In this study, we not only discovered mutation features related to the clinical status of the patients with COVID-19 but also established rules to indicate more complicated mutation patterns of the clinical status of the patients with COVID-19. These patterns always included multiple mutation features, suggesting the relationships between a combination of mutation features and the clinical status of patients with COVID-19. Such form can be deemed an extension of single mutation biomarkers, and was not involved in Nagy et al.’s study;

(4)

Biological analysis was performed in our study, increasing the reliability of the results. In Nagy et al.’s study, the important mutation features were only listed and were not analyzed.

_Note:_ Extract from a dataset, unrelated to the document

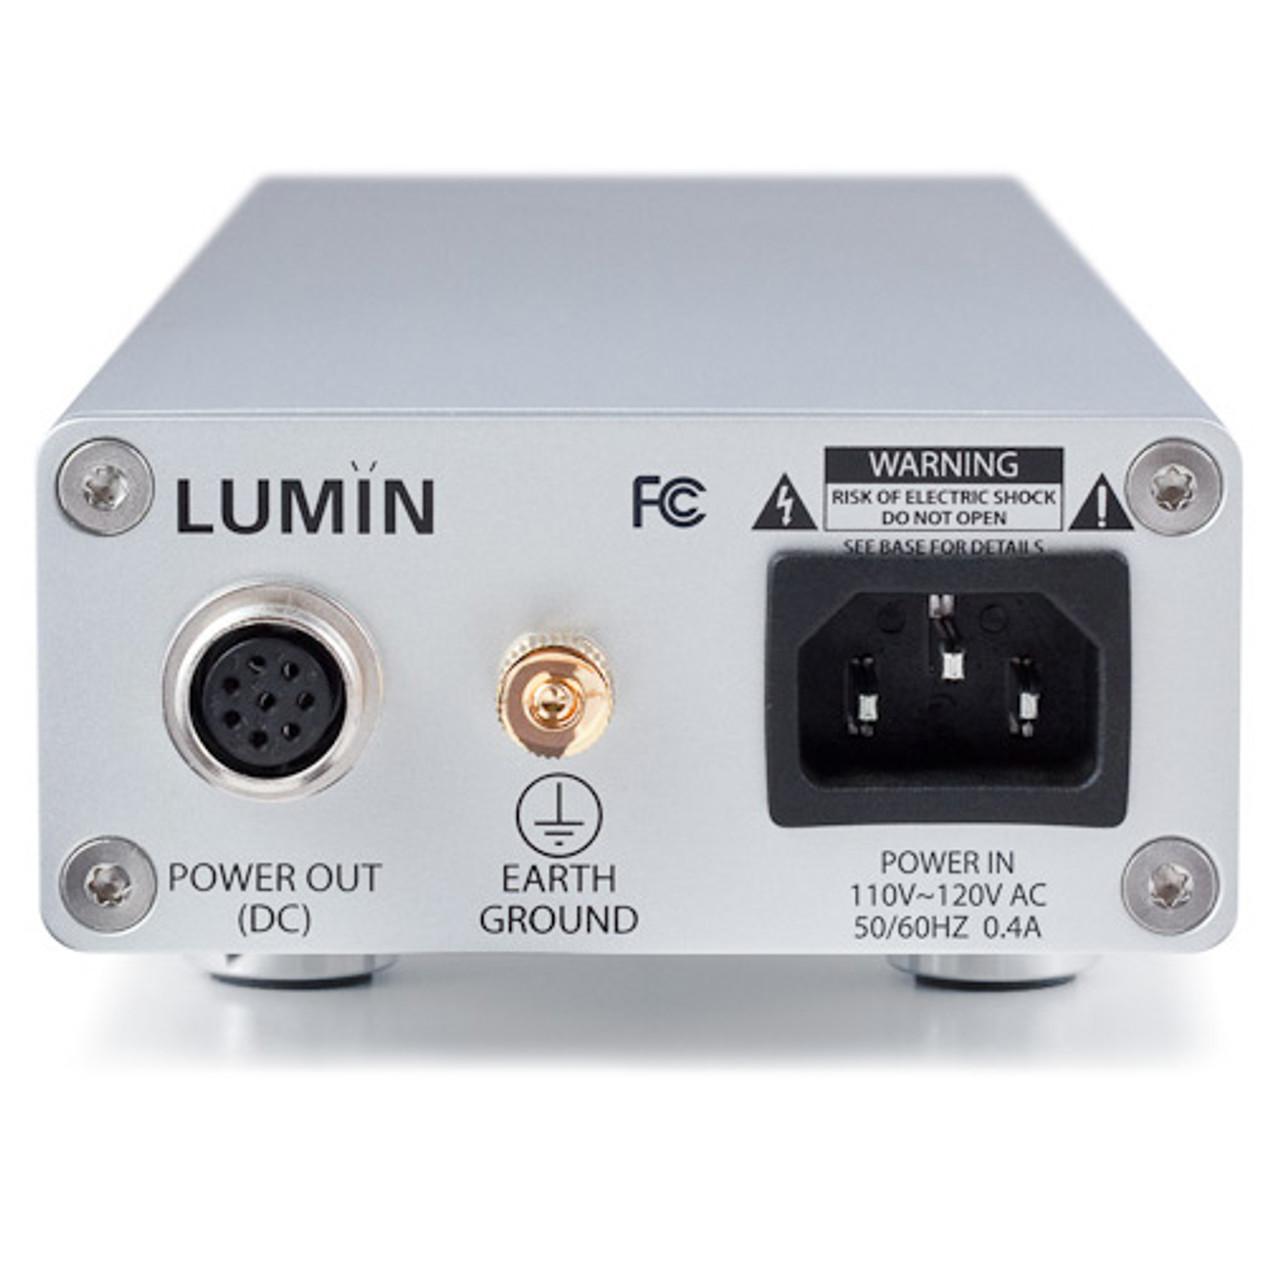 Lumin U1 network music streamer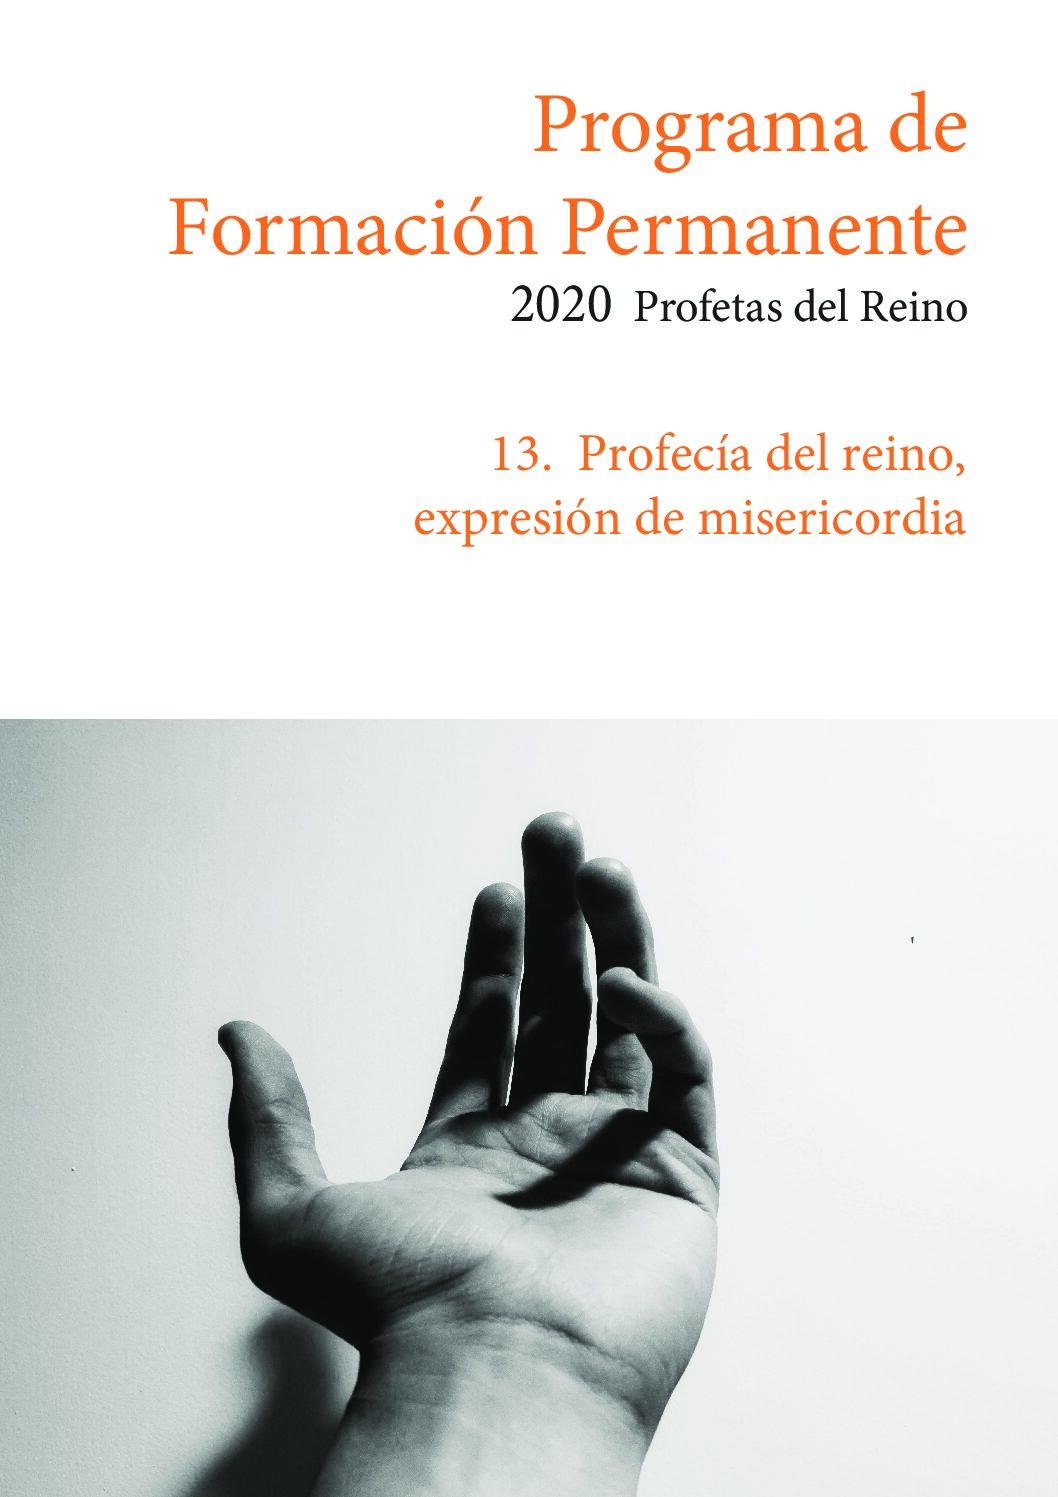 13.-Profecia-del-reino-pdf1.jpg

These differences indicate that the new findings reported in this study can provide novel insights to investigate the relationships between mutation and the clinical status of patients with COVID-19.

5. Conclusions

In this research, we utilized sophisticated and widely used computational approaches in relation to genome-wide mutation data to explore important mutations used to distinguish clinical status in COVID-19 patients. In short, our results demonstrated a set of mutations associated with SARS-CoV-2 severity, which could help rapidly identify SARS-CoV-2 infections carrying mutations associated with severe outcomes and guide the development of SARS-CoV-2 vaccines. We also suggested some effective classifiers for predicting COVID-19 patients’ clinical status; these were trained with a vast quantity of data and performed well in classification. The quantitative decision rules in the optimal DT classifier provided direct clues to distinguish between different patient clinical states.